Every so often an original take hits the zombie genre, but it’s important to never get one’s hopes up. 2017’s The Cured, for example, found zombies getting cured but living with the memories of their zombie actions—a fantastic idea that wound up producing a tragically boring movie. In the newly released Blood Quantum, however, writer/director Jeff Barnaby’s vision of a world wherein Indigenous Canadians are immune to a zombie virus ravaging white folks, we get something we’ve never seen before, plus some of the coolest practical and gore effects in a movie ever—and an almost entirely Indigenous cast.
On the Mi’gMaq reserve of Red Crow, sheriff Traylor (Michael Greyeyes) finds himself in the midst of a very bad day. His sons are arrested and his ex (Elle-Máijá Tailfeathers) is none too pleased; dead salmon are flopping back to life and his cousin’s wife just ate her newborn. Within six months, the surviving tribal members have built up a small but relatively safe shelter of shipping containers on a small island, but with zombified white people shambling and sprinting across the bridge, it’s only a matter of time before they’ll have to leave in search of something more tenable. To make matters worse, his teenage son Joseph (Indian Horse star Forrest Goodluck) has an impregnated girlfriend (Olivia Scriven of Degrassi) and his other son Lysol (Kiowa Gordon) has some controversial ideas about who gets to live or die.
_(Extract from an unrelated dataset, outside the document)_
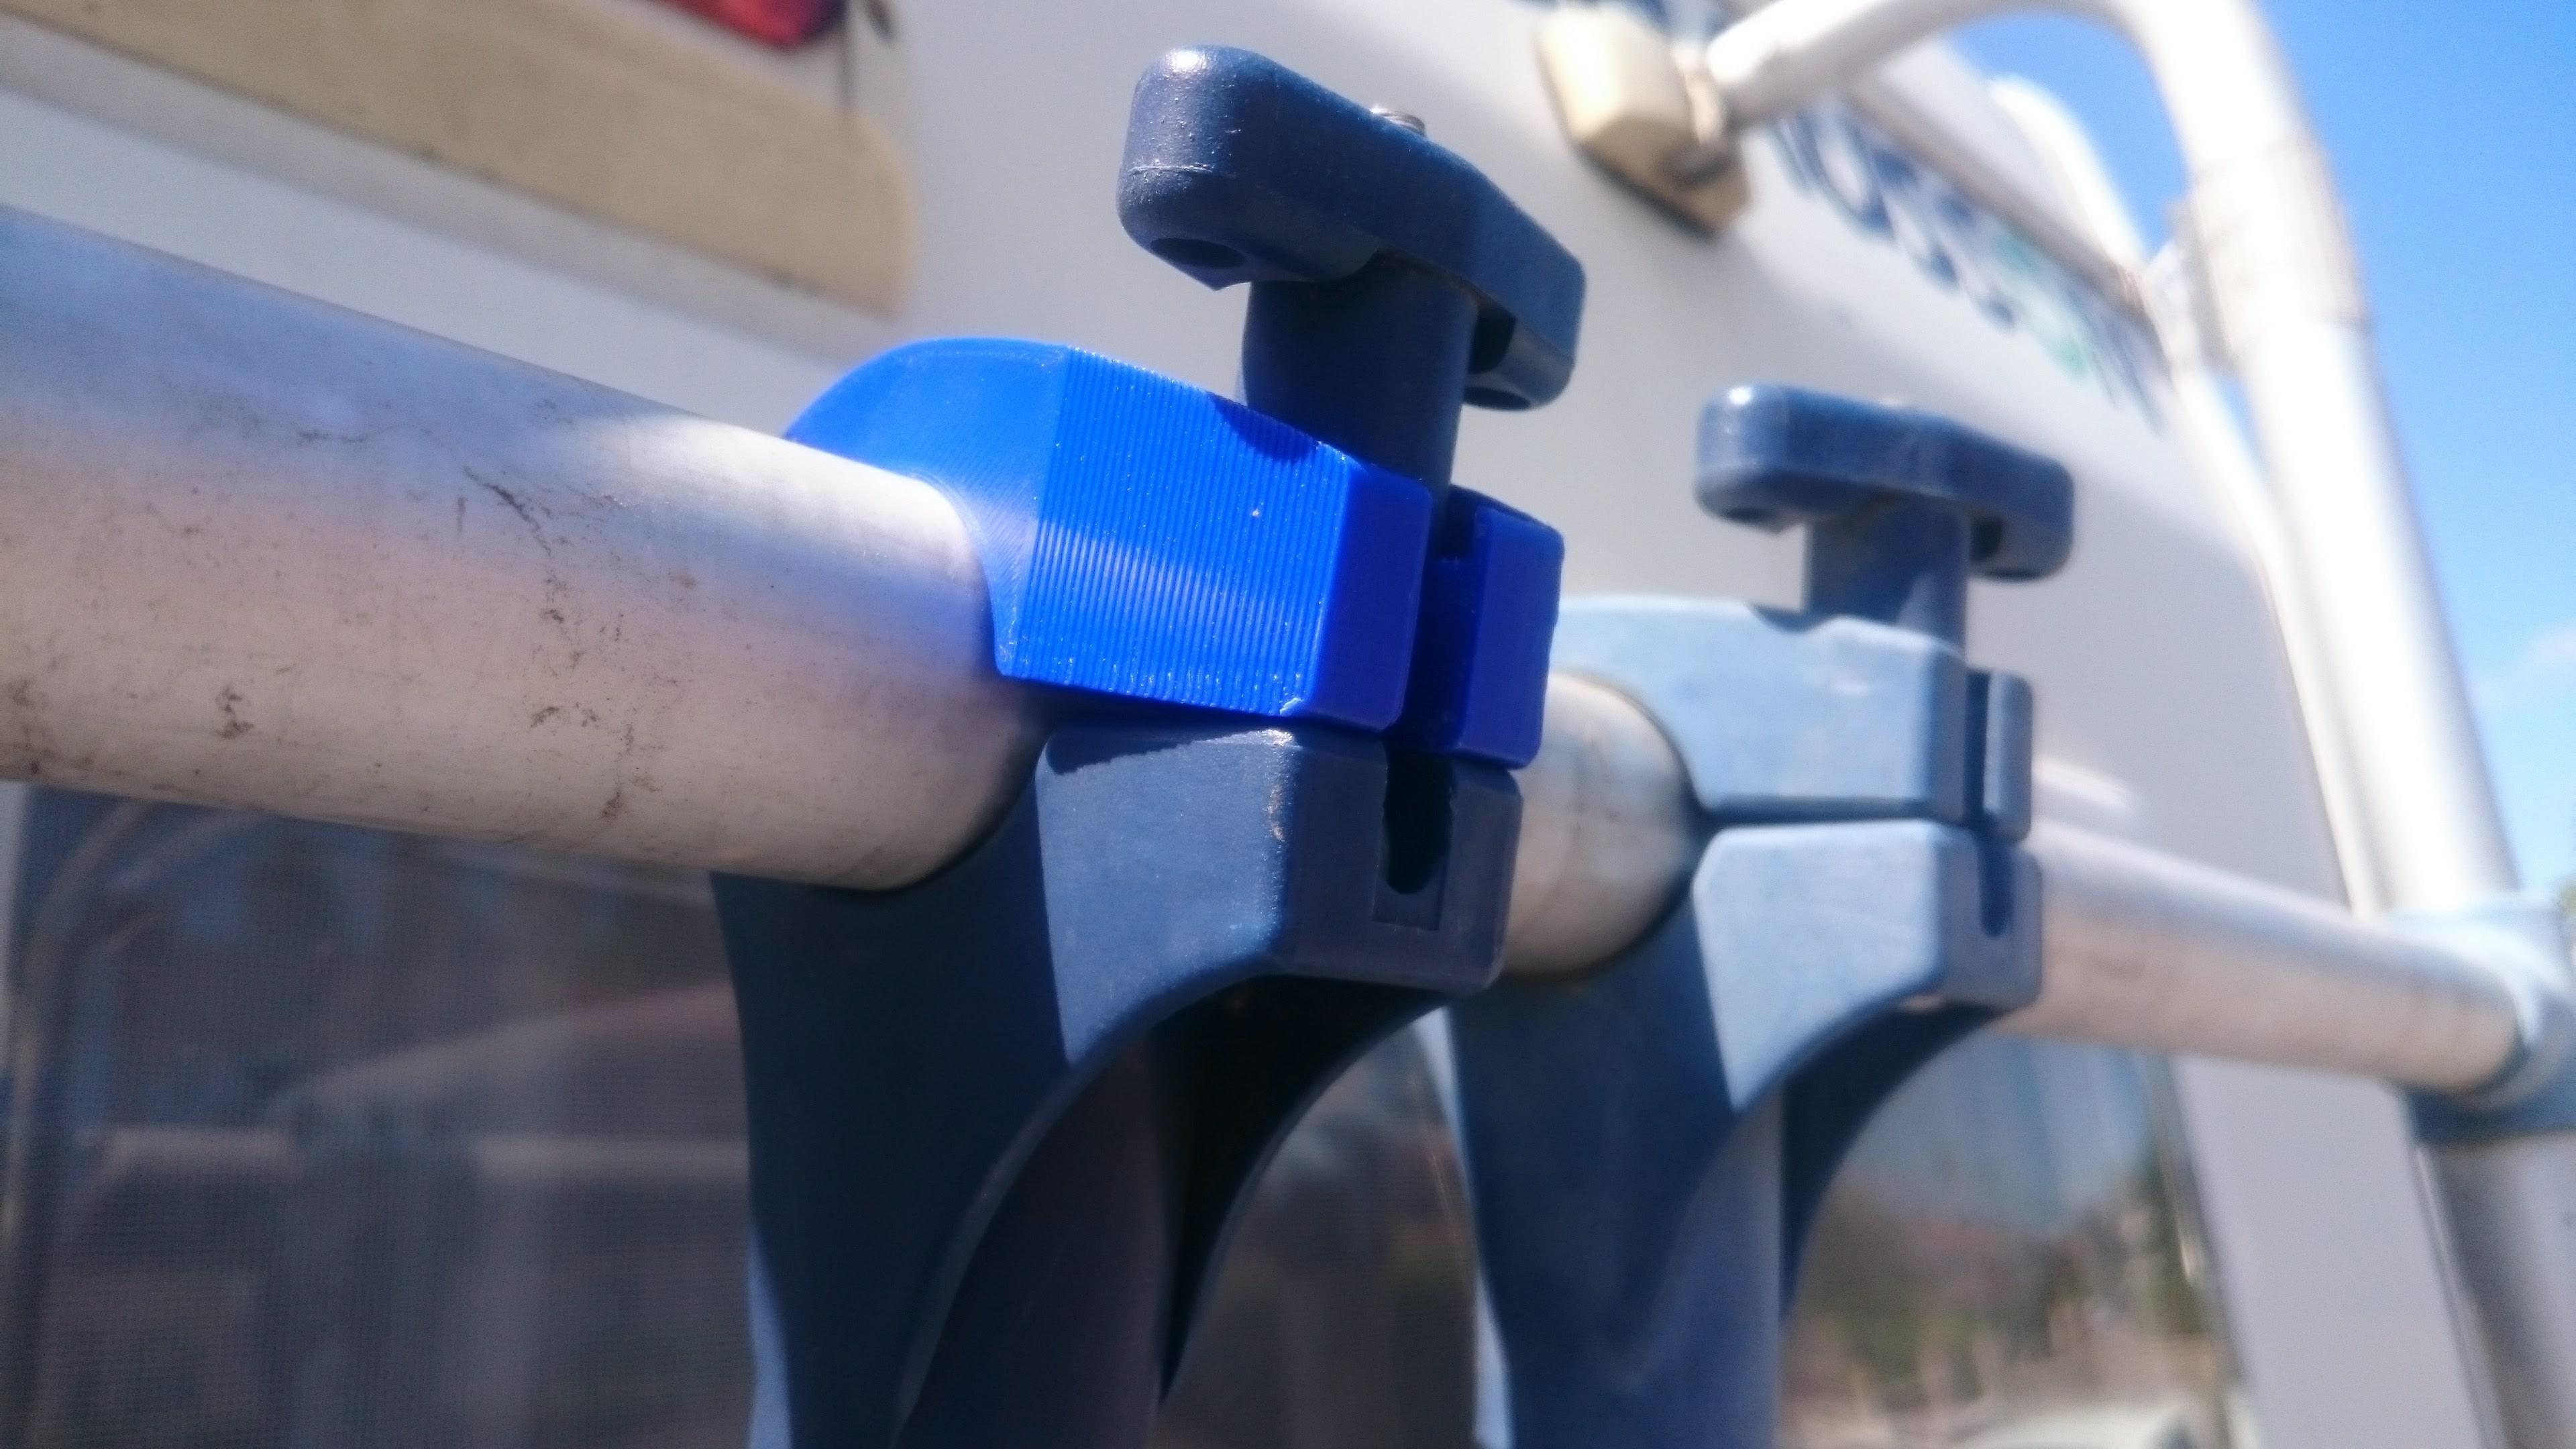 Piece support velo.jpg Télécharger fichier STL gratuit Pièces Porte vélo camping car • Plan à imprimer en 3D, Ldom21

Cue bloody horror and Santa Fean Gary Farmer manning a super-cool piece of farming equipment that chews up zombies and spits them out in a glorious shower of blood and guts.
Outside of the totally bitchin’ premise and the totally bitchin’ grandpa (Stonehorse Lone Goeman) who fights with a sword instead of guns, Blood Quantum does suffer from a number of middling support performances. Its core cast, however, finds common ground between action thrills and emotional nuance. Goodluck in particular brings a noteworthy turn as a youngster who seemingly finds his purpose just in time for the world to end. Gordon similarly impresses with calculated evil dressed up as concern, and did we mention the sword fighting grandpa? Greyeyes wows as well, sometimes hysterically funny amidst so much carnage and death, sometimes a caring father faced with tough decisions.
As for the not-so-subtle subtext, it’s notable that characters still try to do right by the very colonizers destroying their lives with illness. We all know (or should know) at least some of the history surrounding the awful ways Native folks in this country have been treated. So we root steadfast for the non-zombies right up to the harrowing final moments of this exciting film.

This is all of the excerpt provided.